Even people who knew they shouldn’t, liked this guy. Loved him even.

Me, too. I recall that day I was feeling silly and ignored in my three-piece suit, in the middle of the Plain Dealer City Room. No cubicles then, no soft whir of computer fans: manual Underwoods clack-clacking all around me, a sea of desks, the occasional shout of “Boy!” to signal that a page was ready to be run to the hub of editors. It was near 7 p.m., lunch time for my shift on my first day as a reporter at Ohio’s largest metropolitan daily.

“Hi,” said Edward J. “Ned” Whelan, sticking out a hand. I knew who he was. Big-time City Hall reporter, scourge of the Carl B. Stokes administration. “Wanna get lunch?”
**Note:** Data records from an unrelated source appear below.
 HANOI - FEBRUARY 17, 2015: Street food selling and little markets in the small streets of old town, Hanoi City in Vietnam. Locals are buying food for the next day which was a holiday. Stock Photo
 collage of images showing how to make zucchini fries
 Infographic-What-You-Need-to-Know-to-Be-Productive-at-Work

At Cleveland Magazine, where I joined him in 1974, we all called him Nedly. Now that he’s gone, people say he was the best reporter on two feet—and they’re right. When he had his story, he would walk by with a cat-like swagger, eyes twinkling, a Mona Lisa smile—then disappear into his cramped office (we all had cramped offices) and begin furiously two-finger typing on newsprint copy paper. Every once in a while, he’d let out a whoop. Occasionally, he’d emerge with that same smile on his face to hitch up his trousers and shove his unruly white shirt and the tip of his rep tie under his belt.
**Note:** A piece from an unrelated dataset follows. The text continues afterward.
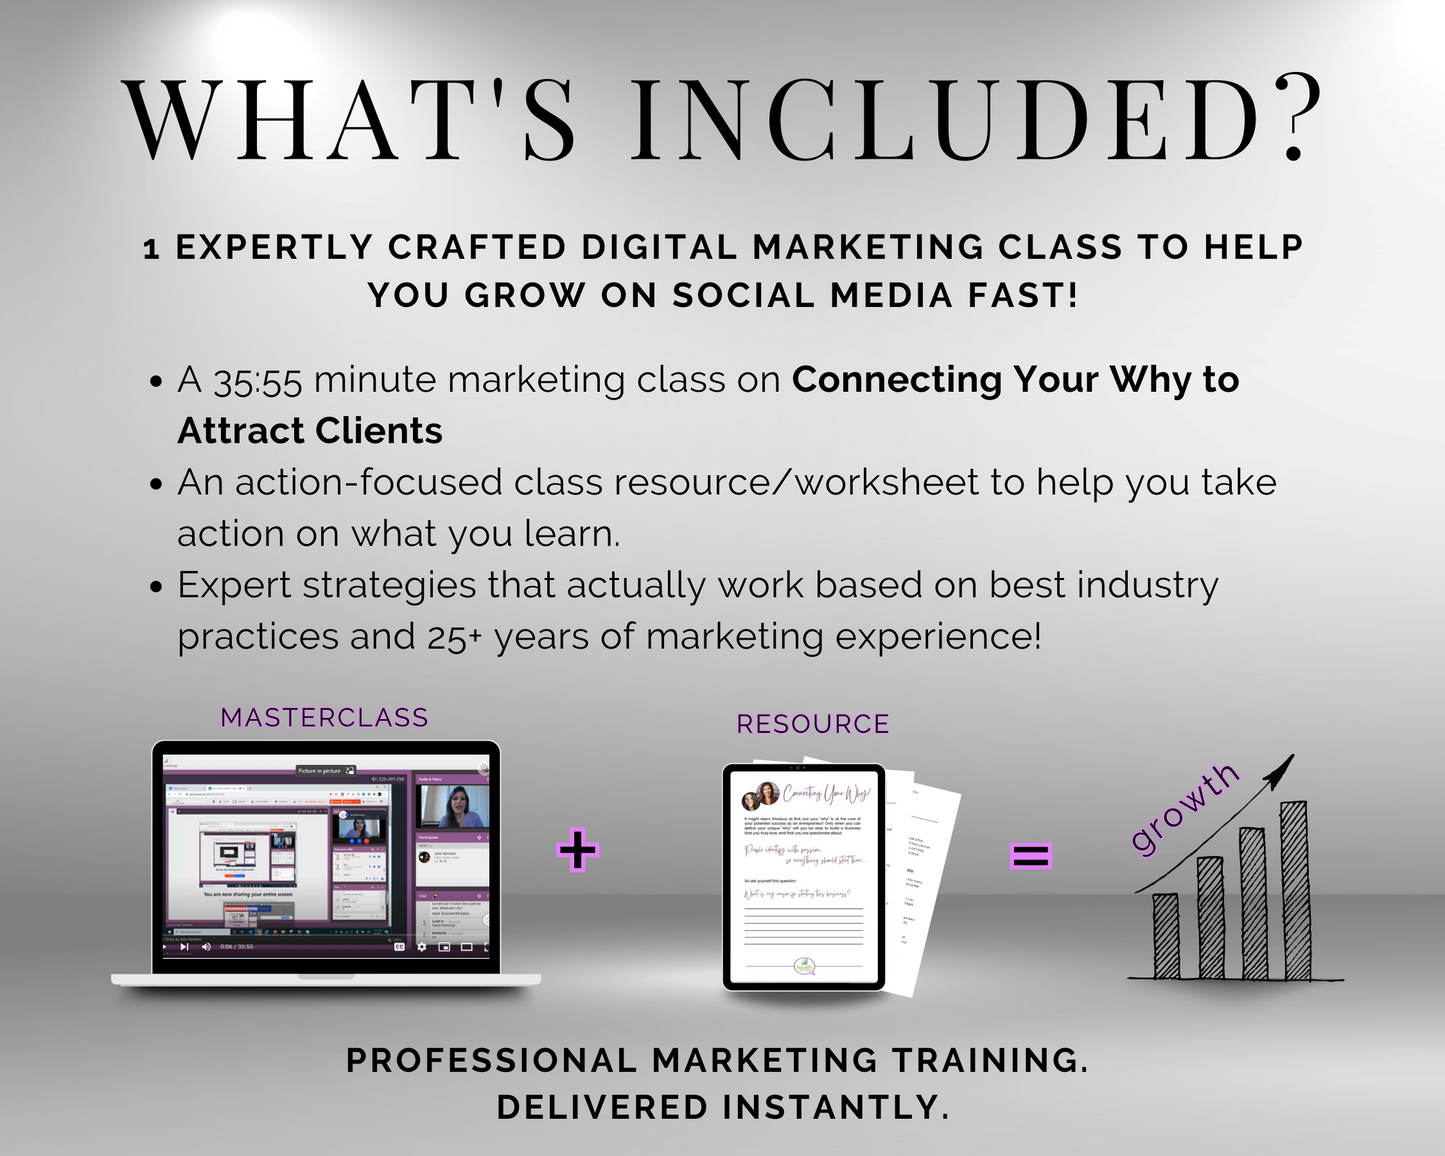 What's included in the TAT - Connecting Your Why to Attract Clients Masterclass by Get Socially Inclined? The product description is missing. Could you please provide the product description?

He loved to joke about the East Side/West Side divide and Cleveland’s ethnic goulash. He loved to tease. Sometimes he’d try to get a rise out of Diana Tittle, my fellow associate editor. I remember one time he made a crack about her love life. He got quiet and maybe even blushed a little when she shot back, “And, yeah, Nedly, I bet you’re the kind of married guy who only does it on Saturdays.”
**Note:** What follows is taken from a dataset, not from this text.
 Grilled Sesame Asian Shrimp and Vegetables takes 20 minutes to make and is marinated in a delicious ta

If so, that was because he wasn’t around home much during the week. After work, we all hung out and we drank. I don’t mean to romanticize, because later in life Ned stopped drinking for good, but there were so many nights when we trolled the bars of downtown, looking to meet people who could tell us things. Ned knew so many more people than I did, and he could charm them better, too. We went our separate ways only to spot each other across the bar at the Theatrical close to closing. I’d go over to where he was, and he’d introduce me to the prosecutor, the detective, the indicted. We’d all laugh and joke around and set another warm contact on the back burner, just in case.

A few times he asked me to follow him home and come inside for a few minutes, to blunt the understandable spousal displeasure at yet another night of mining for journalistic nuggets.

For one of our annual salary issues, the staff was looking for a new angle. Marilyn Chambers, the early porn star, was in town to promote a book. Someone, not Ned, had the idea of putting her on the cover of Cleveland Magazine, with a cover line like “Marilyn Chambers made $100,000 last year. How did you do?”

Chambers readily agreed to the photo shoot, and, oddly, most of the male editorial staff wanted to be there, including Ned. Afterwards, she posed for a souvenir photo. We editors were wearing suits and ties, but we beamed like fishing buddies who had just landed the biggest walleye in the lake. Marilyn wore only a gold chain around her waist and a really come-hither expression.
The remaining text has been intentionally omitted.